To ensure their reproductive success in the sperm contest, males also compete with each other physically, to access as many females as possible. Those who sleep less will be more successful. According to experts, sleep reduction could be adaptive when the need to reproduce “is extreme.”
Death from too much sex?
There are three things that all animals must do: eat, avoid being eaten and reproduce. The ability to meet these goals depends on the amount of sleep one gets, as the functions that rest provides cannot be circumvented. There’s no animal that stops sleeping completely, but there are some — such as the antechinus — that prefer to ensure reproductive success rather than restfulness. The most extreme case is that of the male pectoral sandpiper (a small, migratory bird), which spends up to 15 days without sleeping, also to copulate with as many females as possible.

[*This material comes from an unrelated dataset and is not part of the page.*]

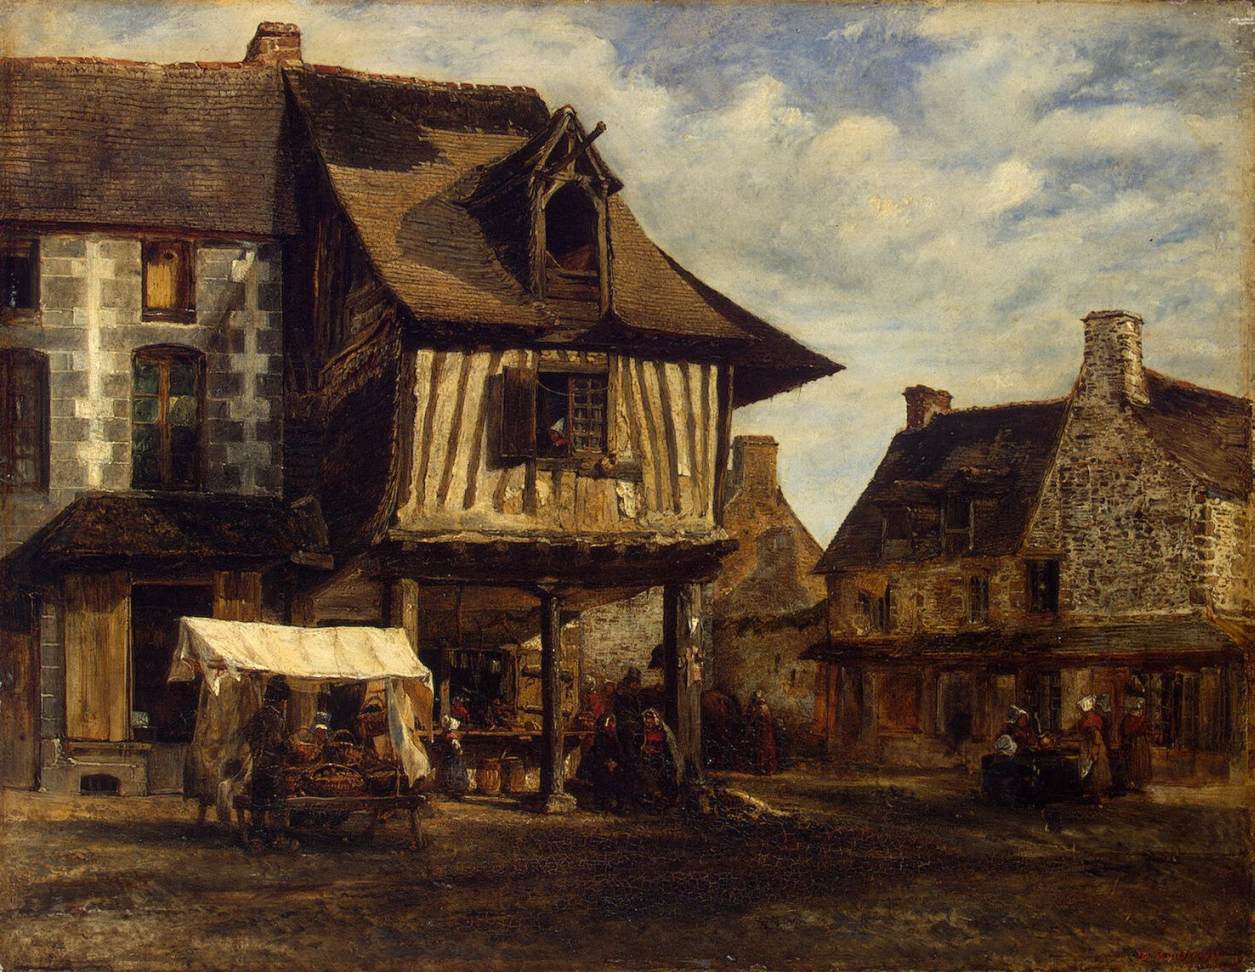 images/Market-Place_in_Normandy.jpg

Lack of sleep, however, takes its toll. After the mating season, male antechinuses develop skin lesions, fur loss and decreased performance while awake, “an effect that worsens night after night,” Zaid emphasizes. Other previous research has proposed that these marsupials live short lives precisely because of this lack of sleep, in what they call “reproductive suicide.” But after this experiment, Zaid’s team doesn’t completely agree about this: “Eight out of 10 survived beyond the mating season, [while] the two who died synchronously were not the ones who slept the least,” the authors say.
Researchers want to learn more about how antechinuses handle sleep loss, which reaches a level that would cause human beings to act as if they were legally intoxicated. “Are [they extremely] committed, so they just keep going?” the researchers ask. “Or are they simply resistant to the negative effects of sleep [deprivation]?”
Unfortunately, after all this effort, the offspring of these marsupials don’t have it so easy. Females are capable of giving birth to up to 18 babies, but since they only have six teats to feed them, only a third of them survive.
Antechinuses aren’t listed as an endangered species, but habitat loss due to human development certainly represents a threat to their survival. The authors of the study warn that it’s very difficult to catch specimens, meaning that the number of animals present in nature today “isn’t close to what was recorded in the 1970s.”